*Exercise inputs*.

++++++++++

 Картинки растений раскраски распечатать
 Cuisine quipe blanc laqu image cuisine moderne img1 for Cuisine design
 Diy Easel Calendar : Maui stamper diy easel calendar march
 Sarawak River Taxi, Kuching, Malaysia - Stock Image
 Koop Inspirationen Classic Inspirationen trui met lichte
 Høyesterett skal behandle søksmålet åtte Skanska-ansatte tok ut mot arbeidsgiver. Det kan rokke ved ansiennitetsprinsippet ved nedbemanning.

++++++++++

*Assignment*. When you reach the end of the data, retype all of it exactly.

*Reply to the task*.
 Картинки растений раскраски распечатать
 Cuisine quipe blanc laqu image cuisine moderne img1 for Cuisine design
 Diy Easel Calendar : Maui stamper diy easel calendar march
 Sarawak River Taxi, Kuching, Malaysia - Stock Image
 Koop Inspirationen Classic Inspirationen trui met lichte
 Høyesterett skal behandle søksmålet åtte Skanska-ansatte tok ut mot arbeidsgiver. Det kan rokke ved ansiennitetsprinsippet ved nedbemanning.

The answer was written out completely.